2. McMegan would be in the midrange, no worse, of Republican economic types. We're talking about a group whose top echelon consists of Douglas Holtz-Eakin, Glenn Hubbard and Greg Mankiw.
25: Indeed, the spread of the Housing First concept has led to plummeting homelessness rates nationwide.
I dunno. I don't think its surprising that the big P is vindicated, because the data seems to be more of a collaboration across multiple academics and institutions over many years and papers, and when it's presented in as open a way as here, that makes it much harder for casual errors to come in.
I understand the reaction that this was pure rhetorical chaff, but I wonder if that's one factor in something more complex. The FT definitely comes with an ideological agenda, and an institutional culture, and two key ingredients of that are comfort with corporate finance, data literacy, and a certain broadsheet assumption of threshold competency from its readership.
So I can imagine Chris Giles or whoever saying "go take a deep dive into Piketty's data and see if there's anything weird", not just from some desire to help Team Money but with the knowledge that he and his staff can wrangle economic data without immediately shooting themselves in the foot.
Now, once they'd found discrepancies ... for which I think the question and explanation was useful ... How do you respond to that editorially knowing that Piketty is hot news? You're a newspaper not an econ department, maybe you should treat it as news and hype the headline as an exclusive? Especially since it seems to confirm there isn't such a wealth gap anyway, phew that's a relief.
The core debate across the FT / guardian / Piketty was all very quanty though, all assumptions at ten paces. That to me is an amazingly positive trend vs the way politics has been reported on my entire lifetime.
The climate change comparison is interesting because the data there was not so openly published, leaving them too open to speciously plausible crackpot "debunking". Isn't that basically what triggered the whole Berkeley earth project thing?
TLDR at least we are arguing about graphs now.
You're giving much to credit to Giles. In the interview I linked in 15 he isn't raising questions; Giles claims Piketty changed data because he didn't like the numbers, and that he made up the recent British wealth inequality data.
The FT literally headlined that he "pulled data out of thin air". I will never take the paper so seriously again.

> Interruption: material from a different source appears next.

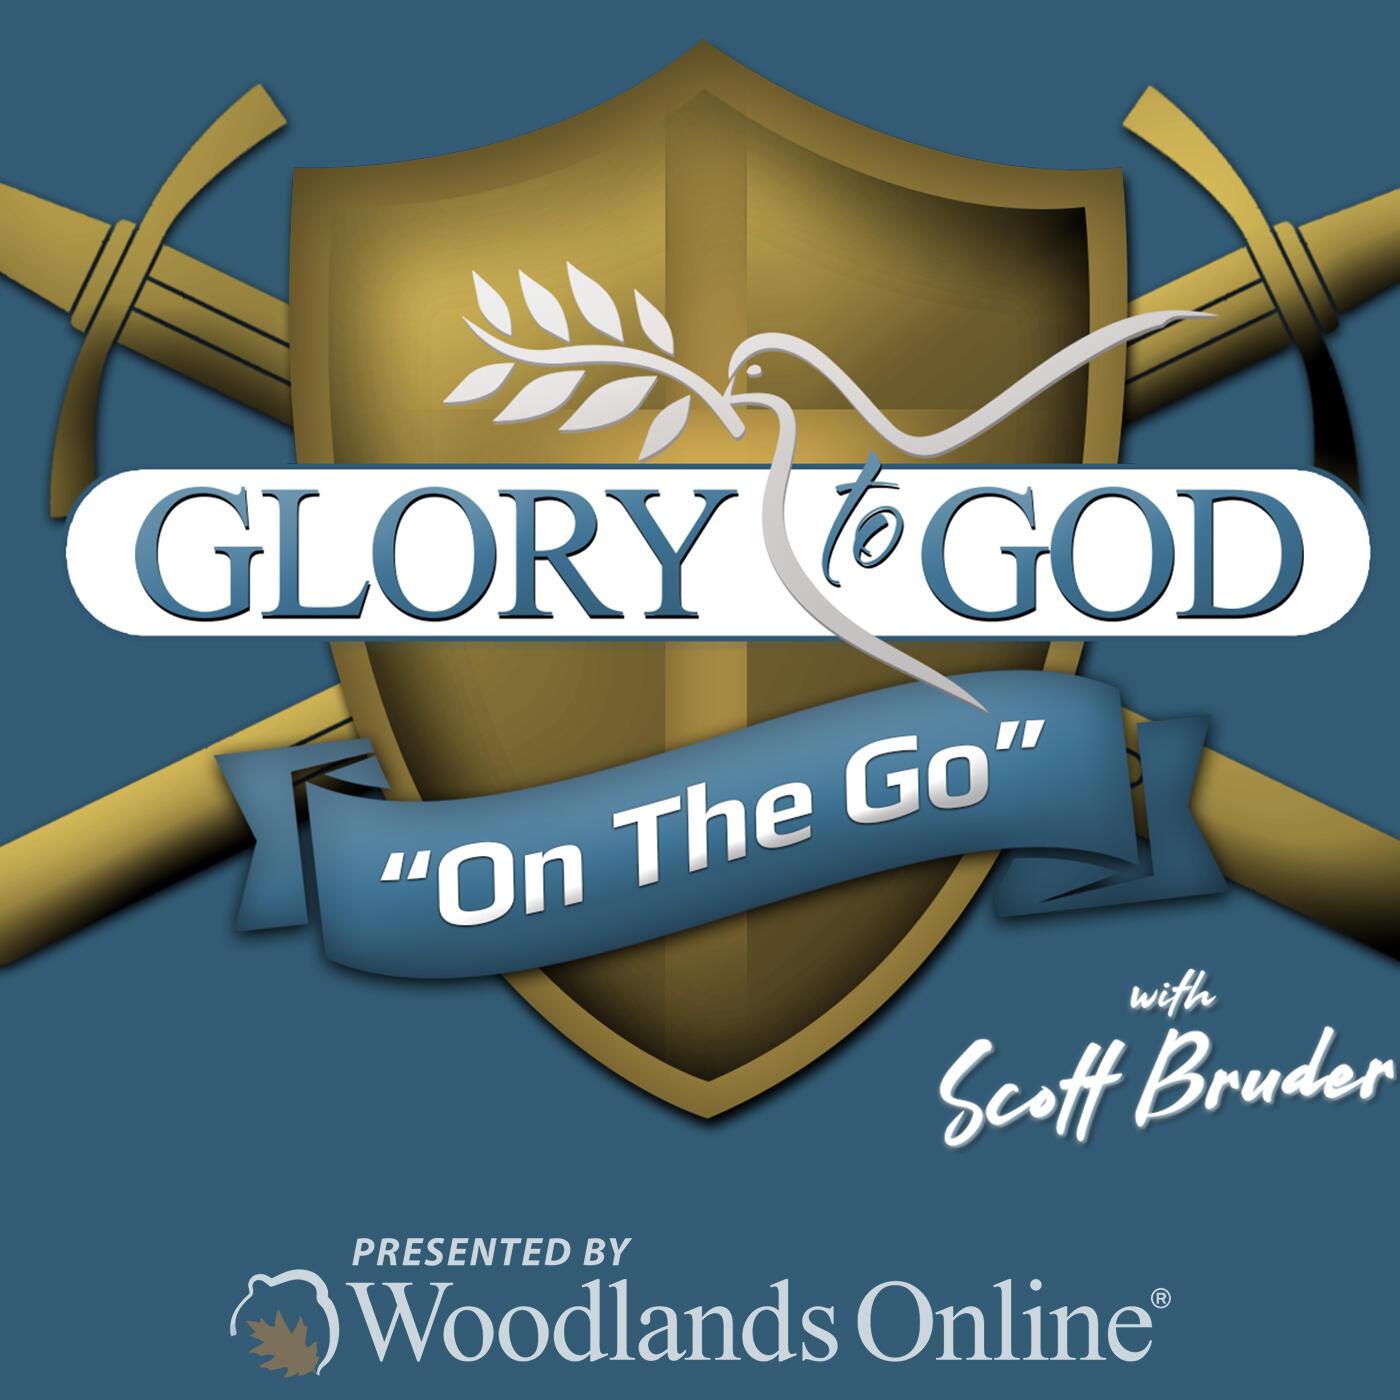 Glory to God - On The Go

31: the FT's weirder side is on open display in its (retroactively edited) Alphaville blog. There's a lot of good stuff there (esp. from Izzy Kaminska) but there is also a relatively high frequency of quite startlingly in-the-tank stuff, some of which disappears down the memory hole. And in the print version there's Clive Crook.
"Pulled data out of thin air" should go down in journalism training as how not to headline a fight over data with a team of people who have spent large chunks of their career on it, yes, but that's also part of the vibe I'm getting, that these are the old media habits being unlearnt on the way to a future of partisan data niggling.
Yeah look the more I write the more I sound like Polyanna but is no one else getting a little zephyr of empirical journalism zeitgeist from this?
Now that I've looked at the table of contents, Piketty's book is a lot longer than I expected. I saw the page count listed in reviews but thought maybe that meant a lot of endnotes. I guess I might really catch up, since one chapter/week means months.